[DATA EXCERPT Boundary: Start]
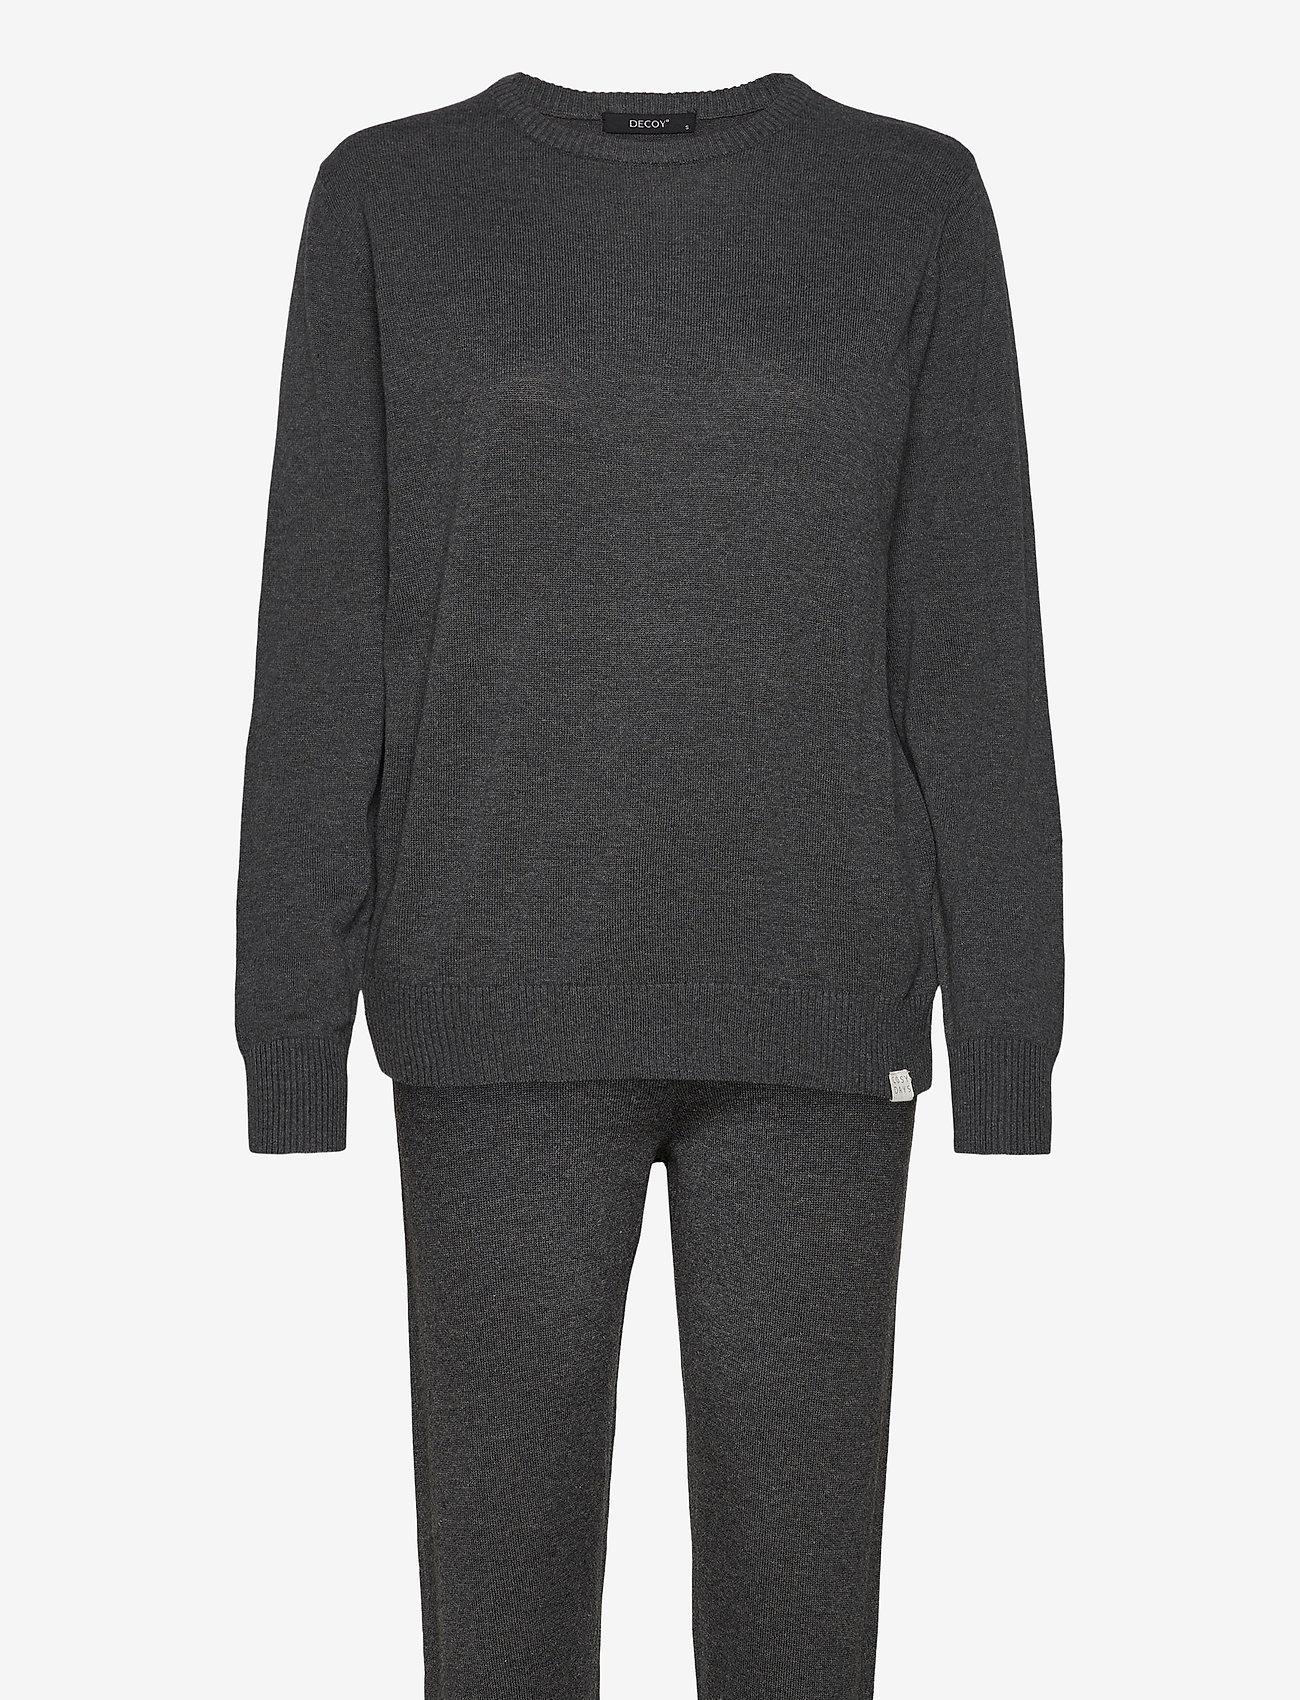 Decoy - DECOY knit set loungewear - pyjama''s - mörkgrå me - 0
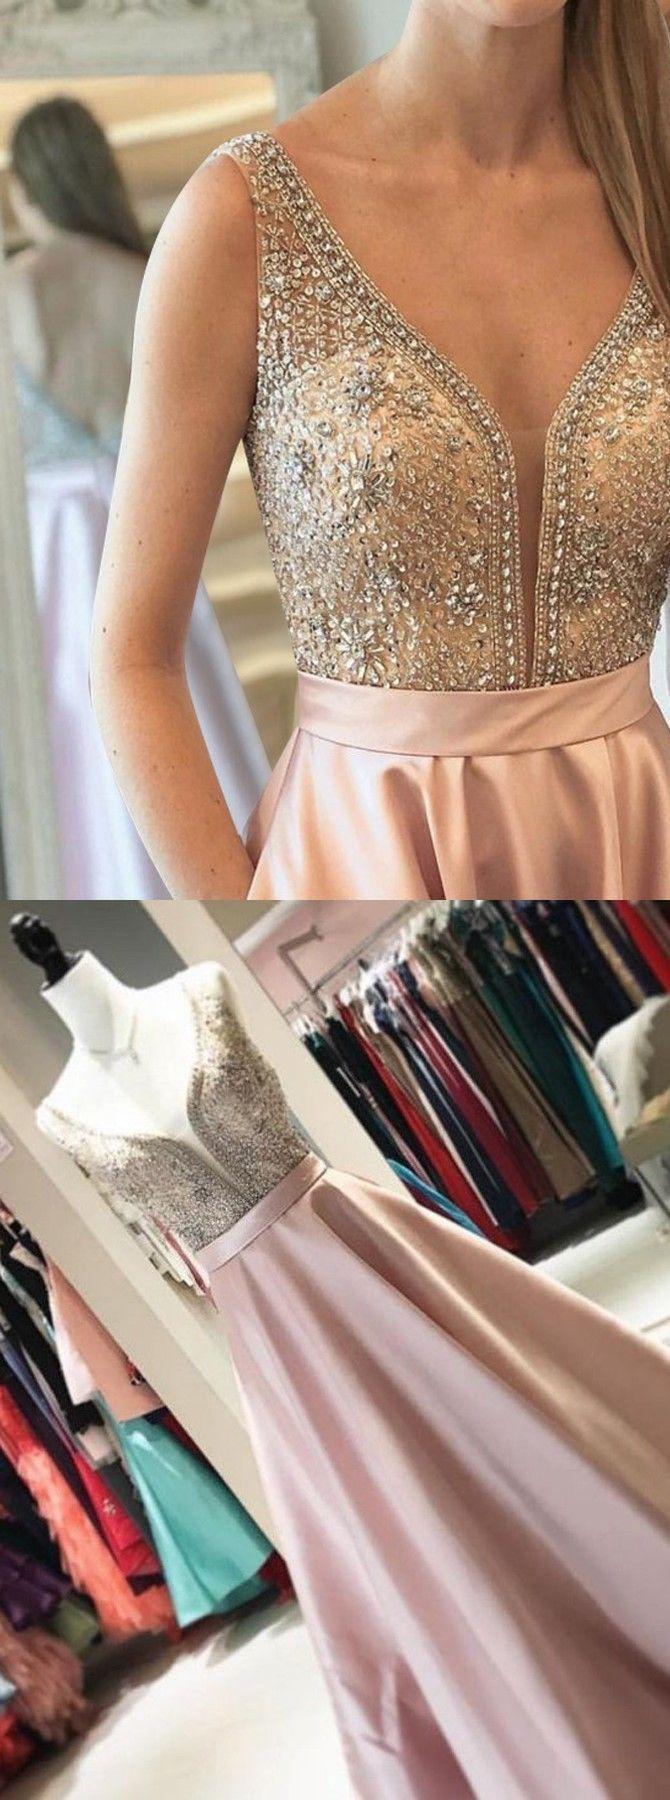 Aline vneck backless champagne satin prom dress with pockets
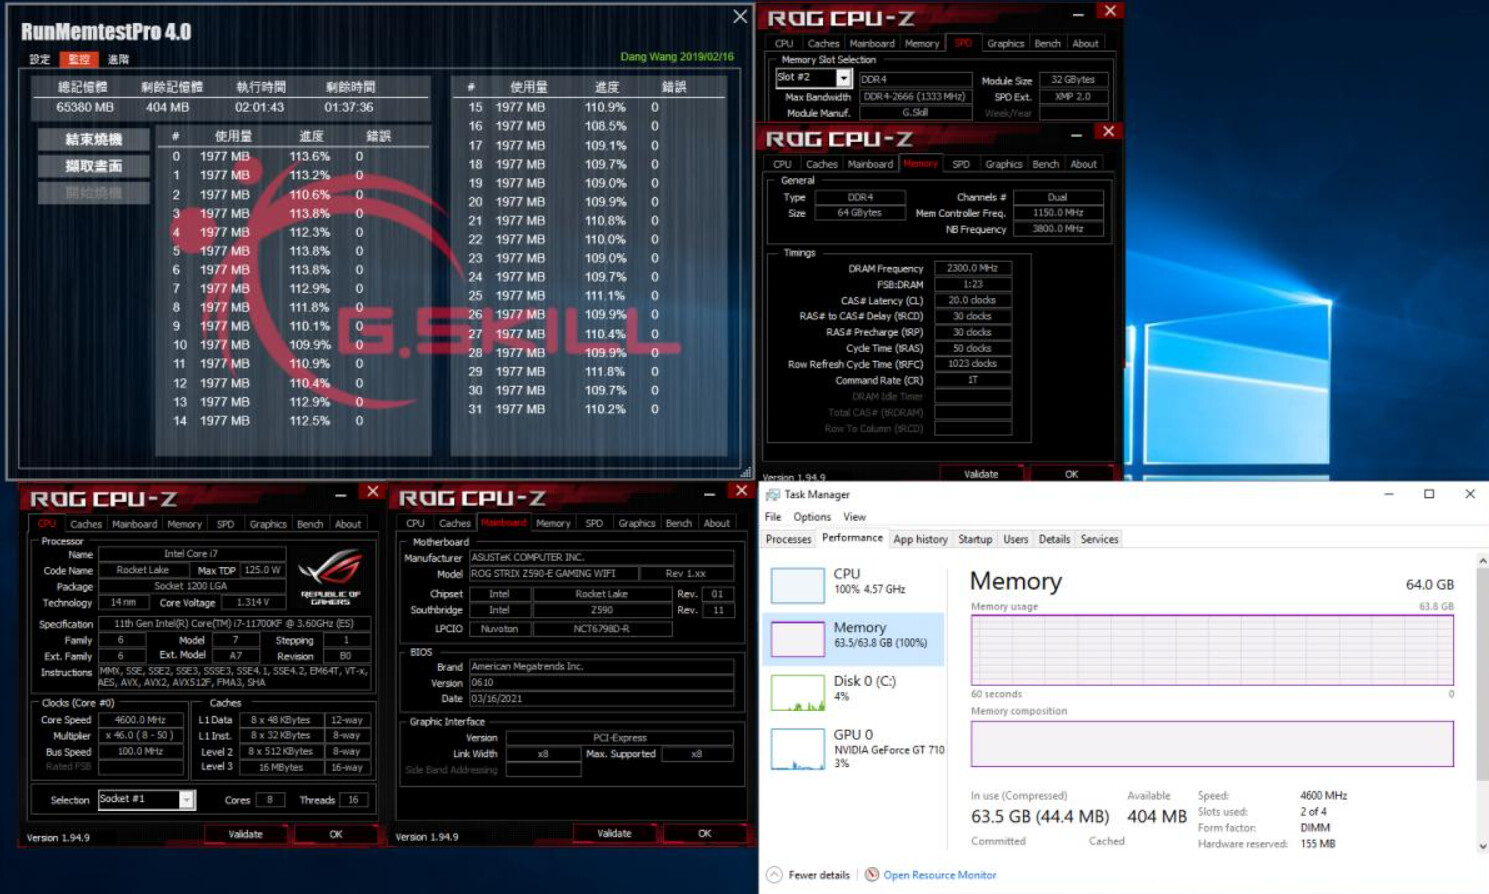 G.Skill представила 16-гигабайтный комплект памяти DDR4-5333 для платформы Z590
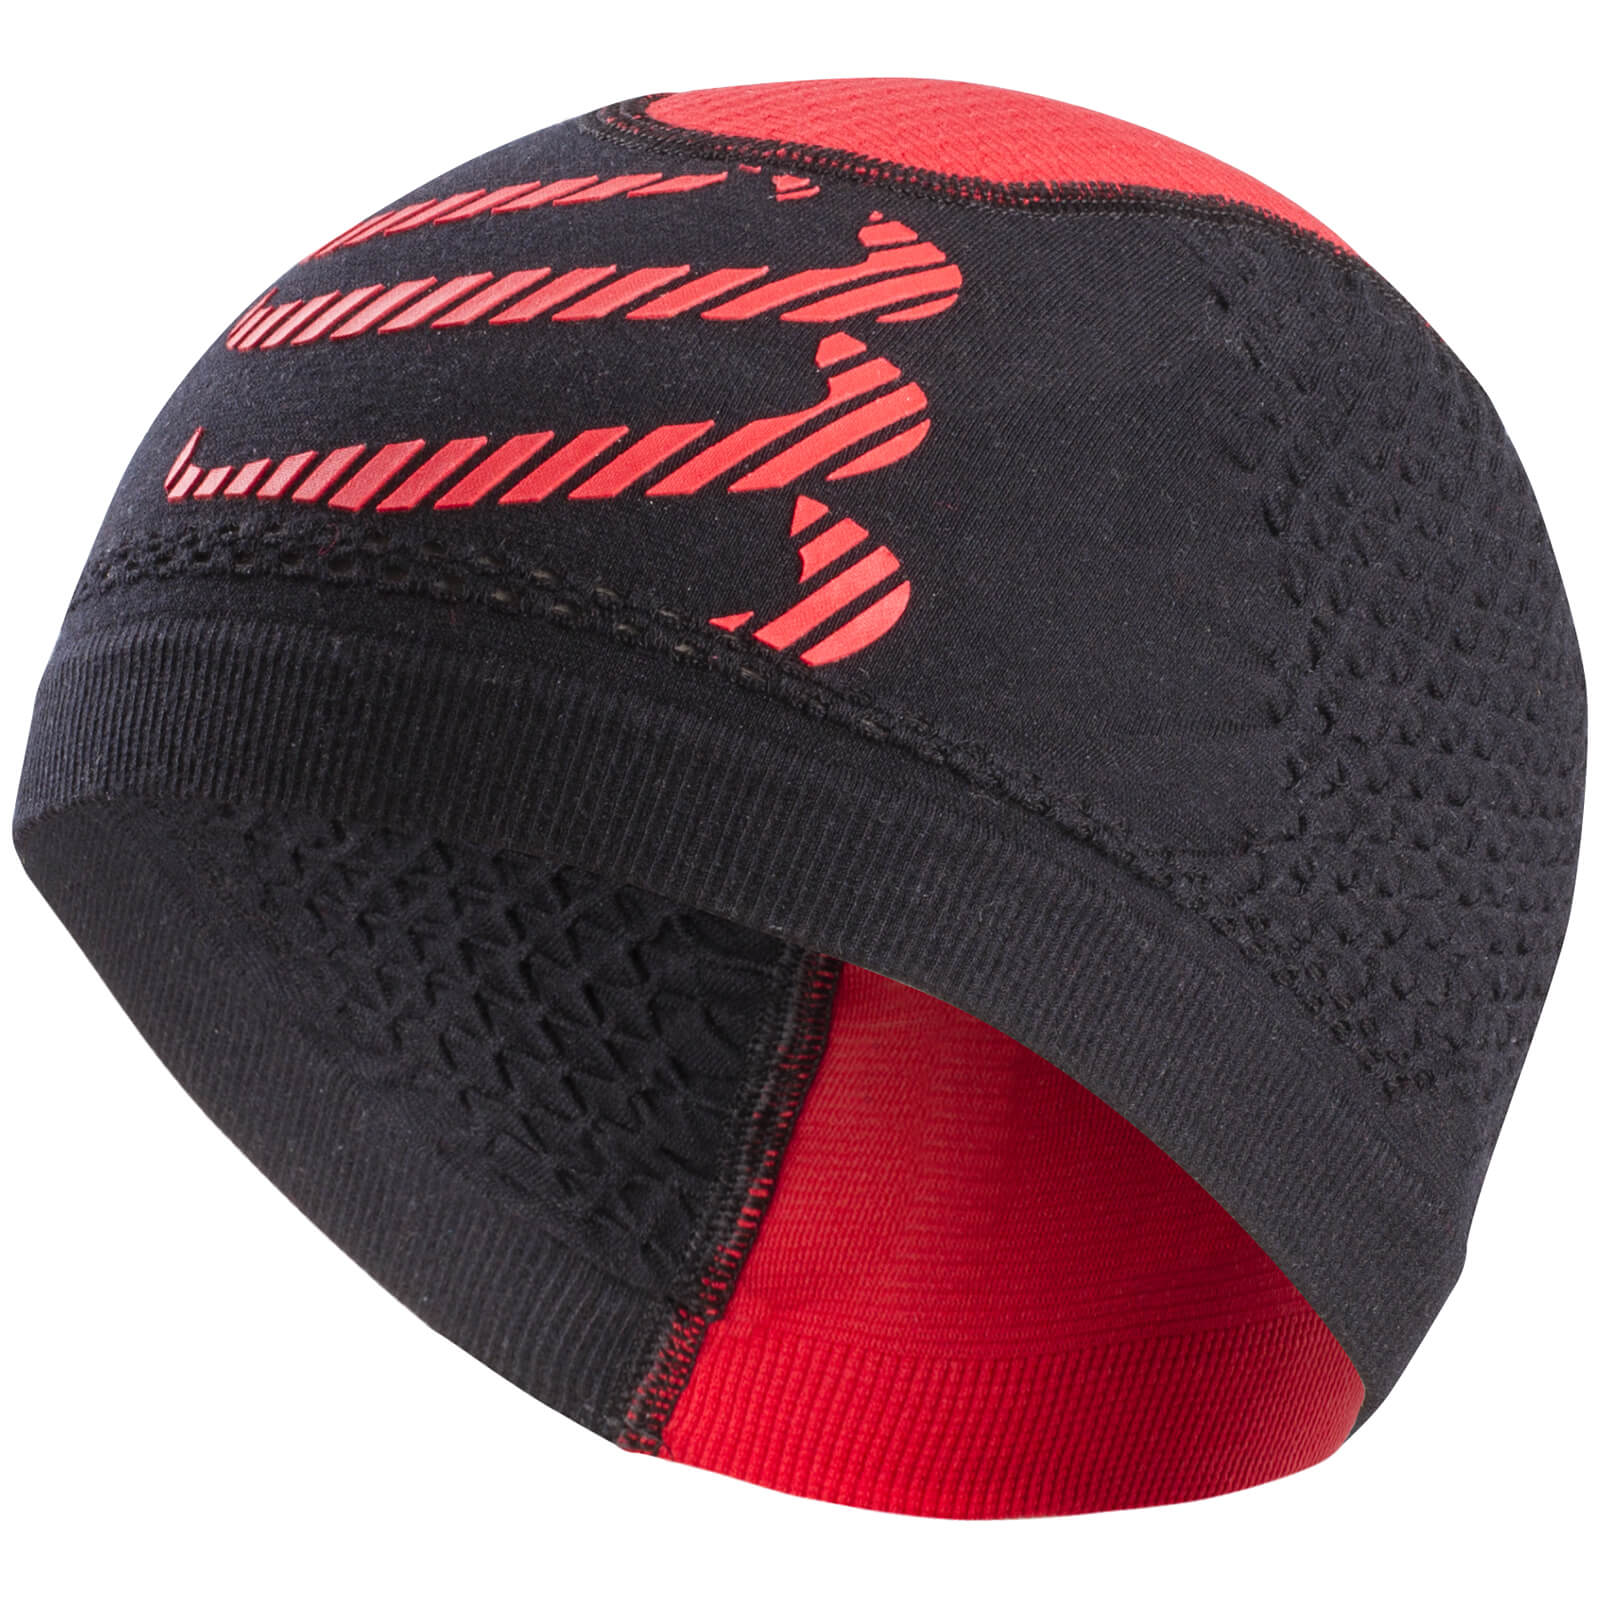 fddf0e99b3f Compressport Seamless Beanie Hat - Black
[DATA EXCERPT Boundary: End]
The listing above is to be written out again exactly, with its pictures omitted.

 Decoy - DECOY knit set loungewear - pyjama''s - mörkgrå me - 0
 Aline vneck backless champagne satin prom dress with pockets
 G.Skill представила 16-гигабайтный комплект памяти DDR4-5333 для платформы Z590
 fddf0e99b3f Compressport Seamless Beanie Hat - Black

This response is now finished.